Where is the Agasthyamalai Landscape?

Parameter Detail
Location Southern Western Ghats, spanning Tamil Nadu and Kerala
Biosphere Reserve Agasthyamalai Biosphere Reserve — designated a UNESCO World Network of Biosphere Reserves member (2016)
Highest peak Agastya Mala (~1,868 m)
Protected areas within Kalakad-Mundanthurai Tiger Reserve (KMTR), Srivilliputhur-Megamalai Tiger Reserve, Kanyakumari Wildlife Sanctuary (TN side); Neyyar, Peppara, Shendurney sanctuaries (Kerala side)
Ecological value Part of the Western Ghats — a UNESCO World Heritage Site and one of the world’s eight “hottest” biodiversity hotspots
Hydrological role Catchment for the Tamiraparani and other rivers; a key water tower of the southern peninsula

What the Court Ordered

  1. Time-bound eviction — Tamil Nadu to prepare and implement a plan to remove 4,601 encroachers occupying 5,072.65 ha.
  2. Demolish illegal infrastructure — shut and dismantle illegal resorts, commercial establishments, and tourism infrastructure in the Megamalai area and other forest lands; disconnect electricity to such encroachments.
  3. Map and digitise boundaries — the Forest Survey of India (FSI) to geo-reference and digitise the boundaries of KMTR, Srivilliputhur-Megamalai TR, and Kanyakumari WLS within six months.
  4. Accountability — disciplinary and legal action against 118 serving and retired government servants who were themselves encroachers.
  5. Enforcement backstop — paramilitary deployment if states fail to comply.
  6. Monitoring — the Central Empowered Committee (CEC) to submit its next report by August 28, 2026; matter listed for September 1, 2026.

The Legal-Constitutional Backbone

Public Trust Doctrine

The Court reaffirmed that forests and protected areas are held by the State in trust for the public and cannot be alienated to private encroachers. The doctrine entered Indian jurisprudence via M.C. Mehta v. Kamal Nath (1997).

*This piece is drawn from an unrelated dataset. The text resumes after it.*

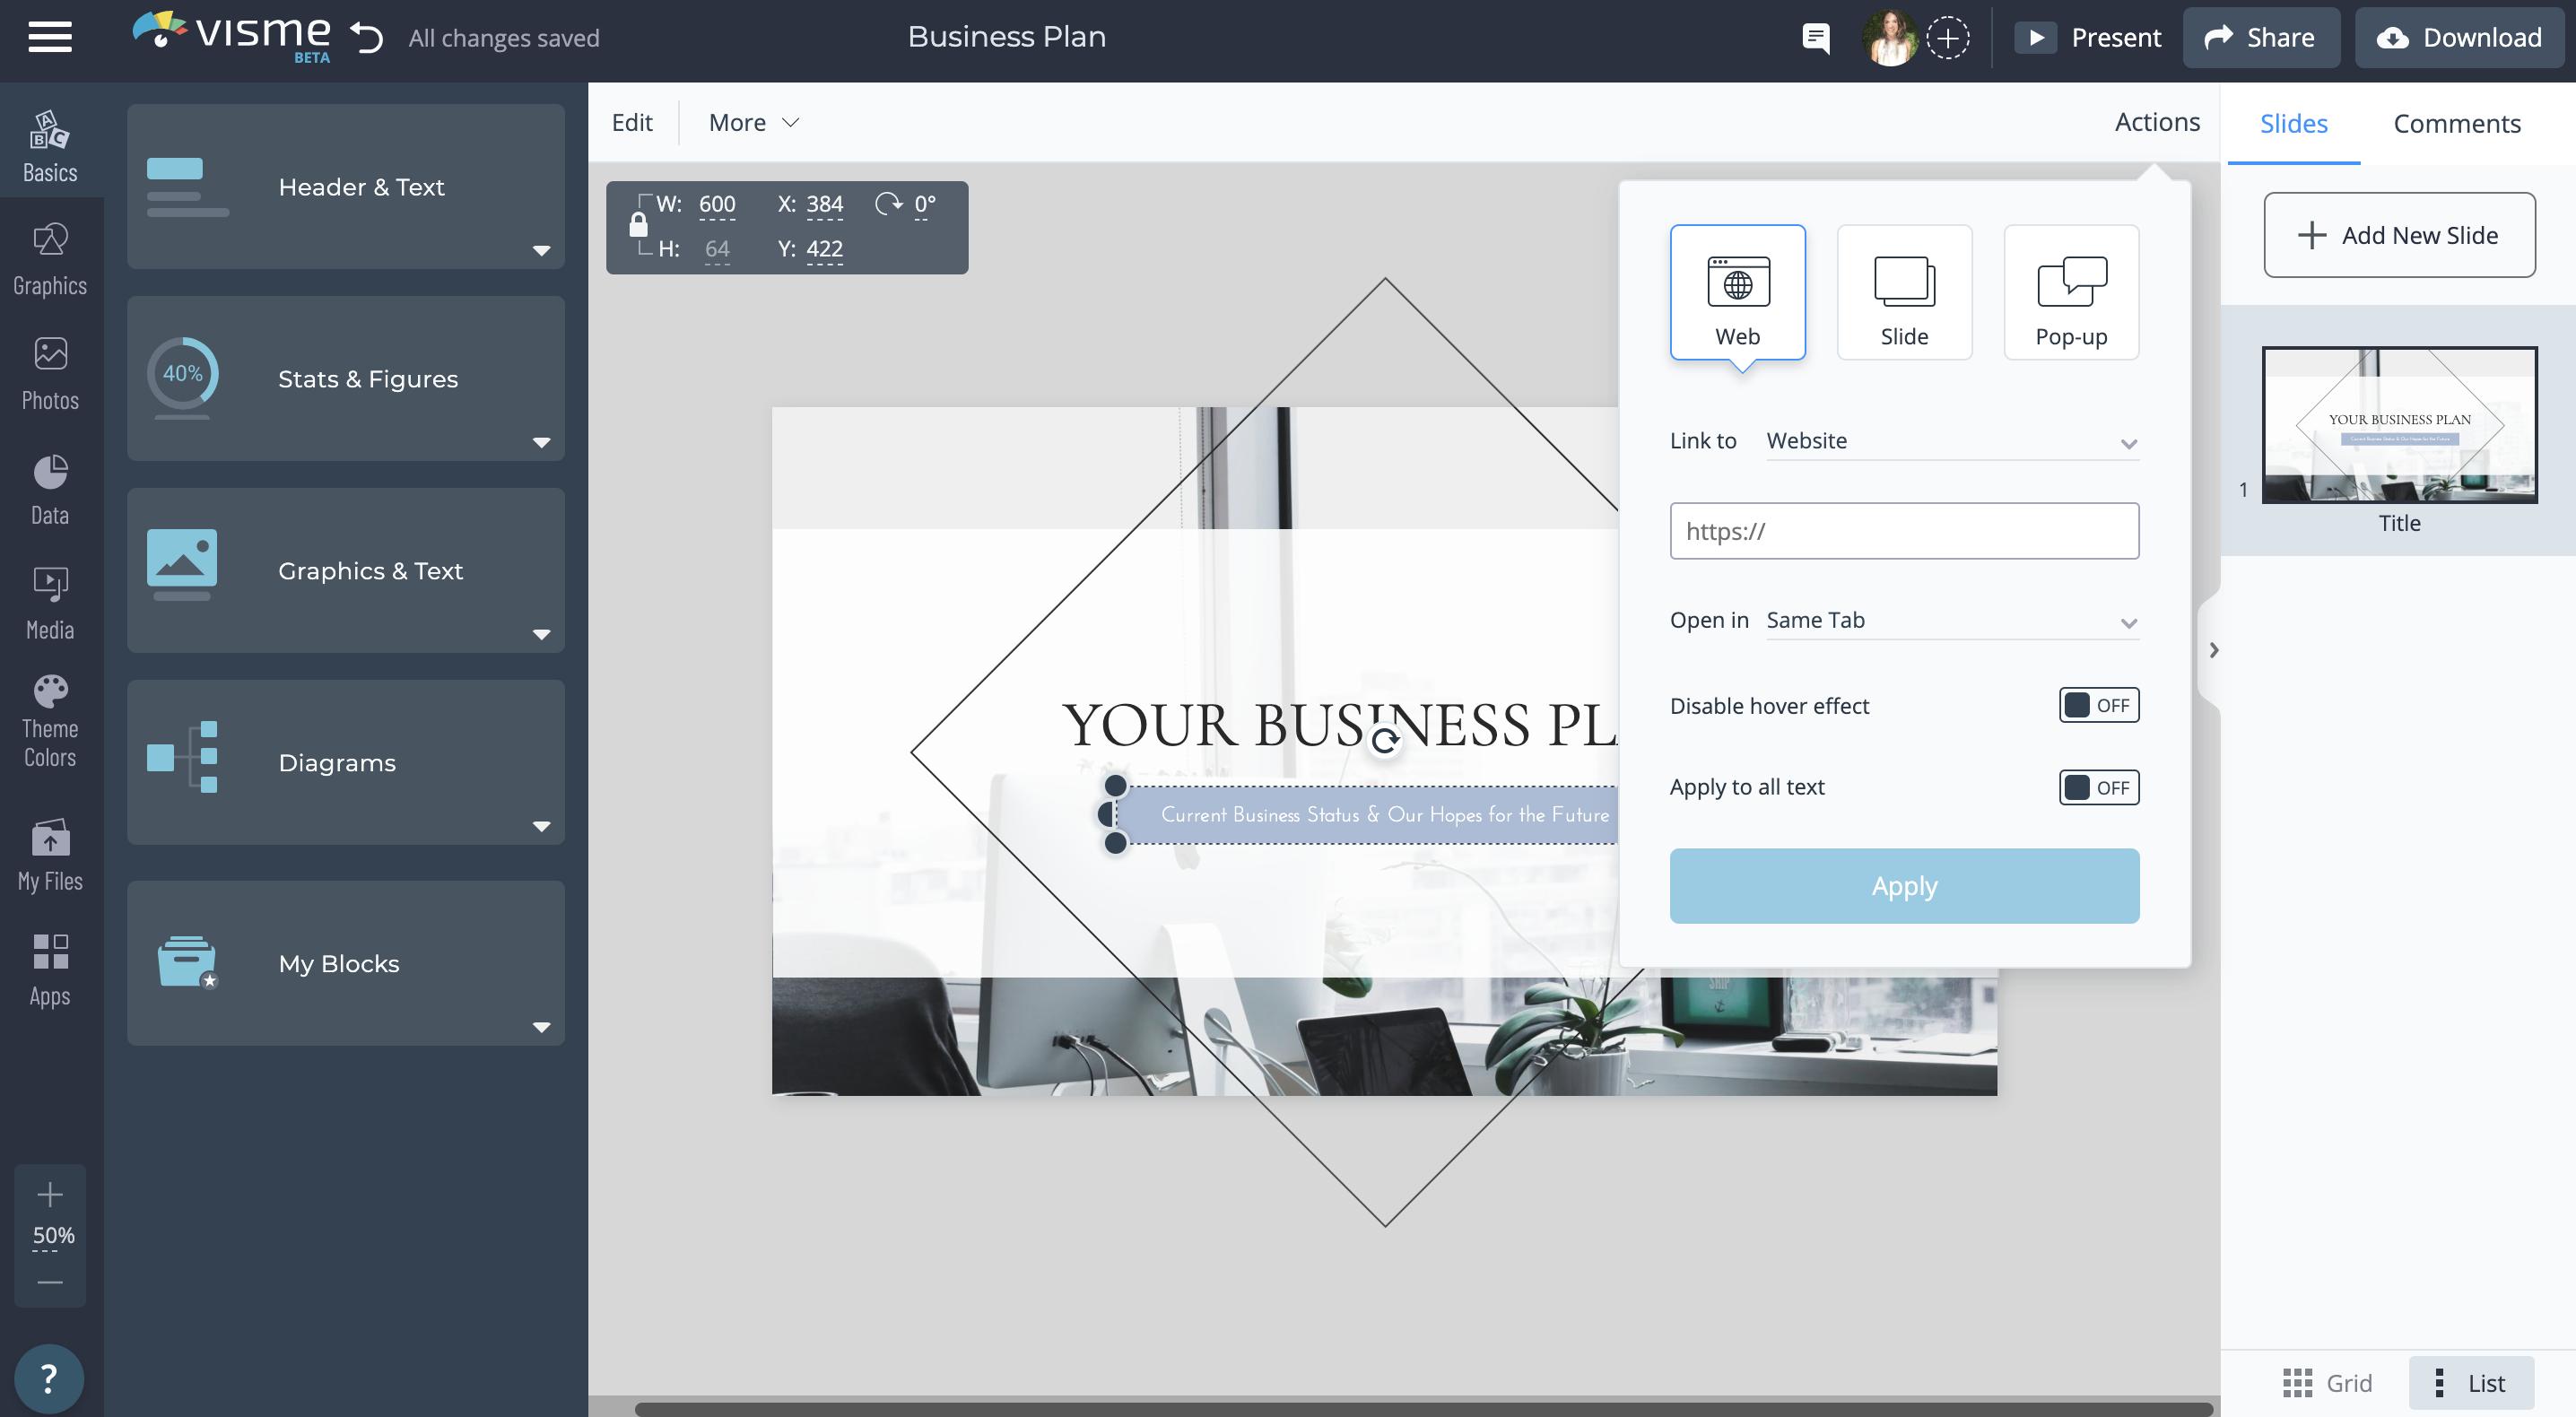 powerpoint presentation - add links in visme's dashboard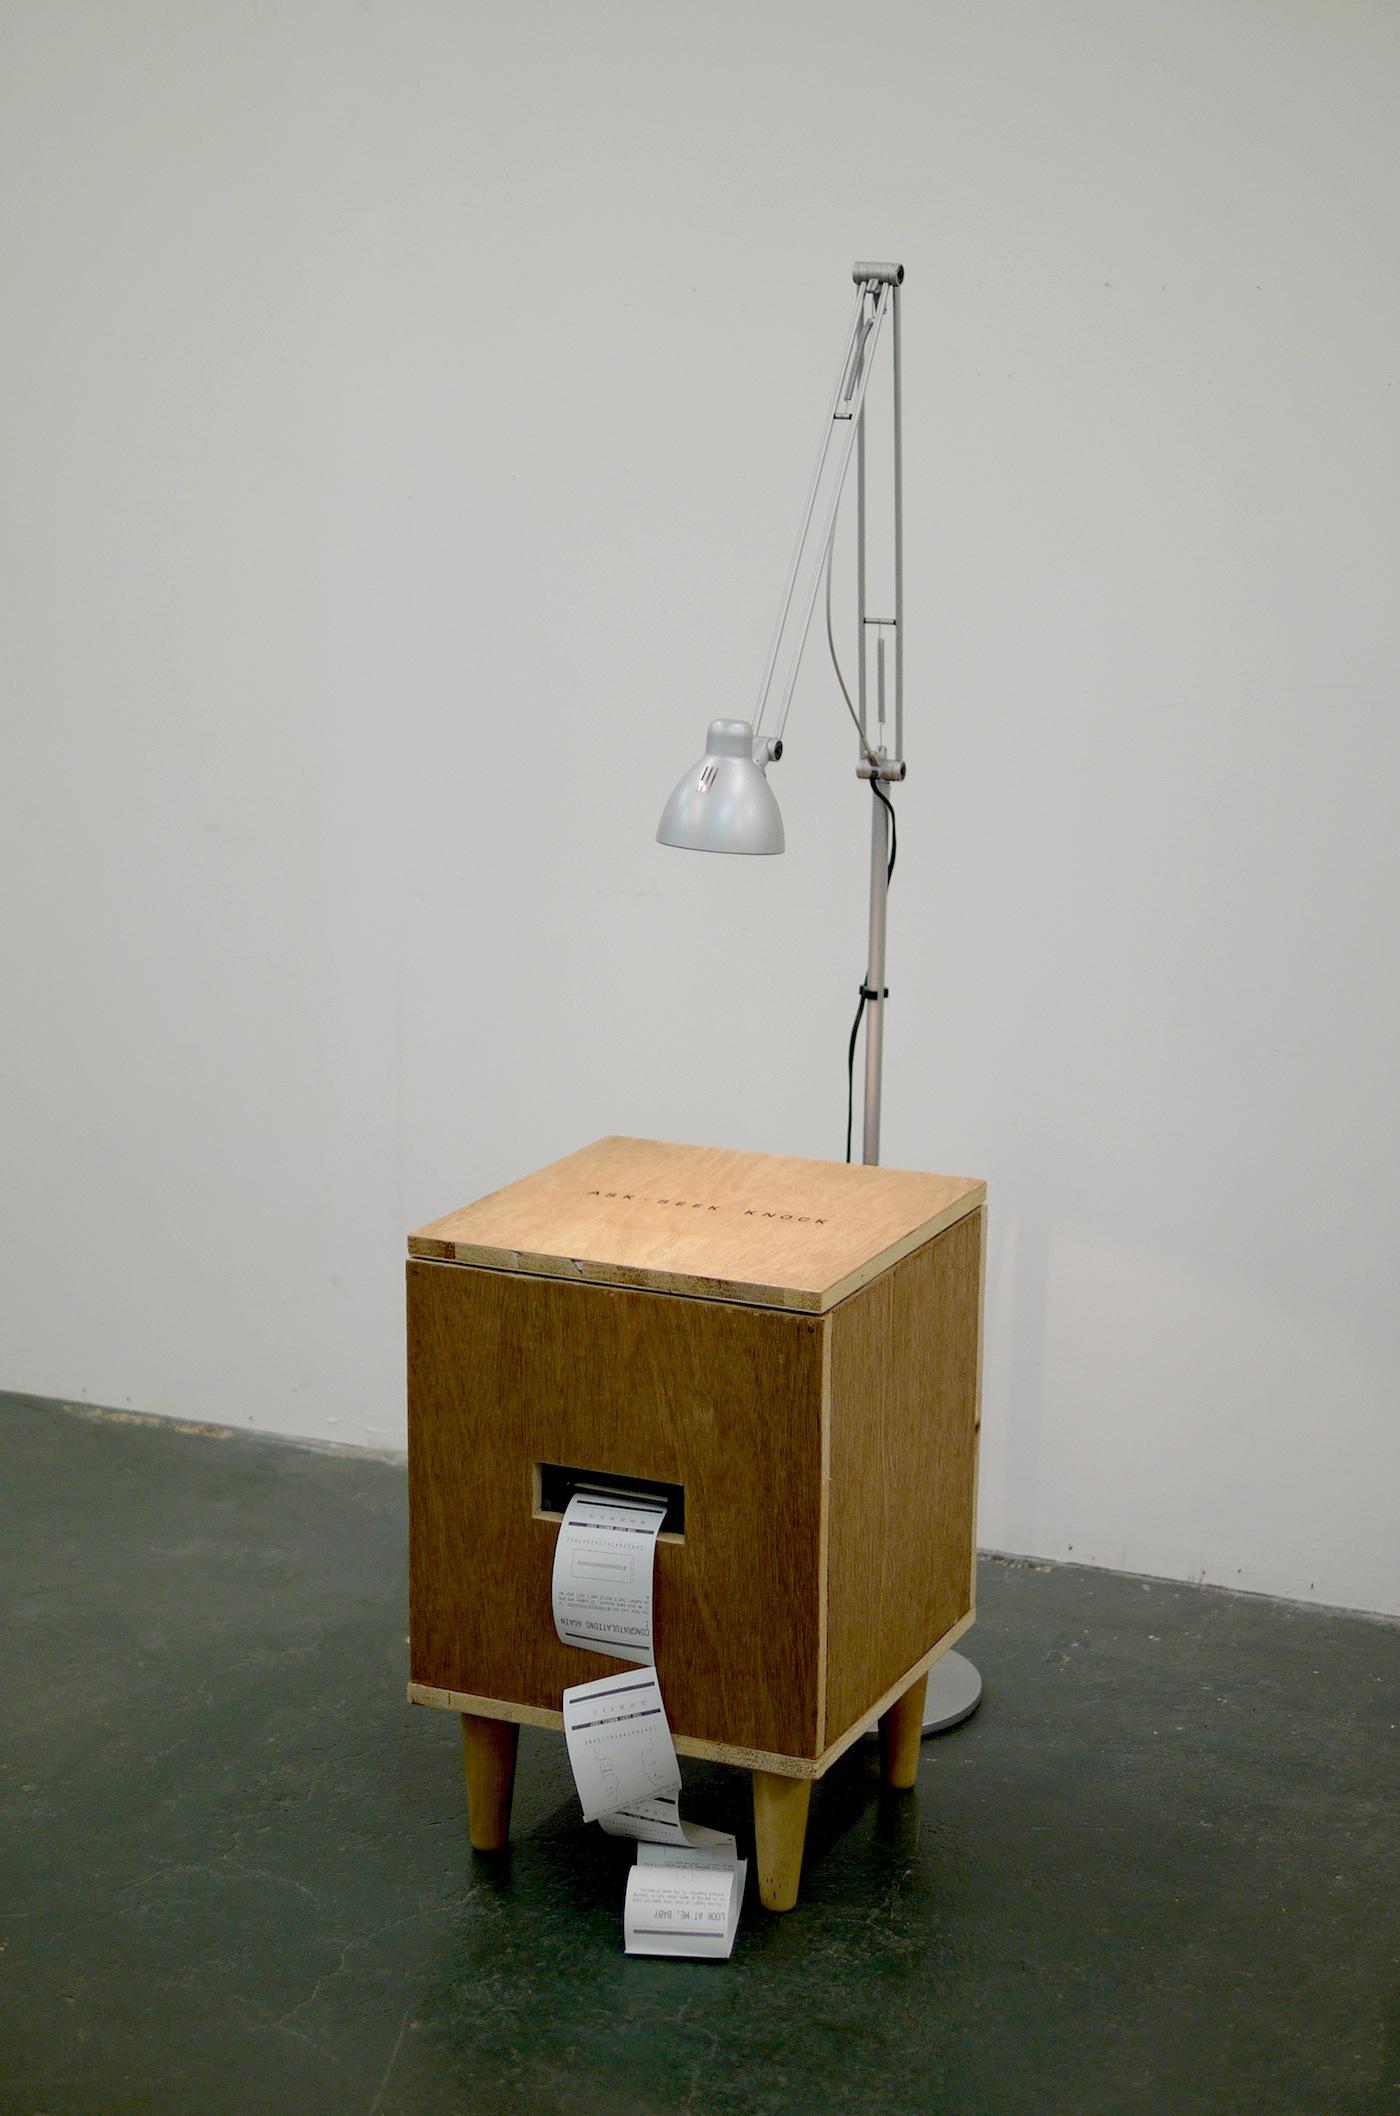 xBox<br>(2012)

Central Empowered Committee (CEC)

Parameter Detail
Origin Constituted by the Supreme Court (2002) in the T.N. Godavarman forest case
Status Reconstituted as a statutory body by MoEFCC notification (2023)
Role Monitors compliance with SC orders on forests, wildlife, and environment

Key Statutes Implicated

  • Forest (Conservation) Act, 1980 (now Van (Sanrakshan Evam Samvardhan) Adhiniyam, 1980) — diversion of forest land needs central clearance.
  • Wildlife (Protection) Act, 1972 — governs tiger reserves and sanctuaries.
  • Article 21 (right to a healthy environment) and Article 48A / 51A(g) (environmental duties).

Why This Judgment Matters

  1. Executive inertia, judicial enforcement — the order is a classic example of the judiciary stepping in where state forest administration failed, even implicating government servants themselves.
  2. Western Ghats protection — adds to a long line of cases (Gadgil/Kasturirangan reports, ESA notifications) seeking to shield the Ghats from encroachment and unregulated tourism.
  3. Tiger-reserve integrity — clear boundary demarcation (FSI digitisation) is a prerequisite for protecting KMTR’s tiger population and corridor connectivity.
  4. Tourism vs ecology — the Megamalai resort closures highlight the tension between high-altitude tourism economies and fragile ecosystems.

UPSC Relevance

Paper Relevance
GS3 Environment — protected-area management, Western Ghats, biodiversity hotspots, forest law
GS2 Polity — judiciary’s role, public-trust doctrine, CEC, centre-state environmental governance
Mains “Judicial activism has repeatedly filled the gap left by executive failure in protected-area governance. Critically examine with recent examples from the Western Ghats.”
Prelims Agasthyamalai (TN + Kerala, Western Ghats); KMTR; CEC (2002, statutory 2023); biodiversity hotspot; public-trust doctrine (M.C. Mehta v. Kamal Nath, 1997)

Facts Corner

📌 Facts Corner — Knowledgepedia

SC Agasthyamalai Order (May 29, 2026):

  • Case: A. John Kennedy v. State of Tamil Nadu (2026 INSC 605)
  • Bench: Justices Vikram Nath & Sandeep Mehta
  • Eviction: 4,601 encroachers from 5,072.65 ha
  • 118 govt servants face disciplinary/legal action
  • FSI to digitise reserve boundaries in 6 months
  • CEC report by Aug 28; next hearing Sept 1, 2026

Agasthyamalai Landscape:

  • Western Ghats, across Tamil Nadu + Kerala
  • Peak: Agastya Mala (~1,868 m)
  • Biosphere Reserve (UNESCO WNBR, 2016)
  • Protected areas: KMTR, Srivilliputhur-Megamalai TR, Kanyakumari WLS

Western Ghats:

  • UNESCO World Heritage Site
  • One of the world’s 8 “hottest” biodiversity hotspots

Central Empowered Committee (CEC):

  • SC-constituted (2002) in T.N. Godavarman case
  • Made statutory by MoEFCC (2023)

Public Trust Doctrine: M.C. Mehta v. Kamal Nath (1997)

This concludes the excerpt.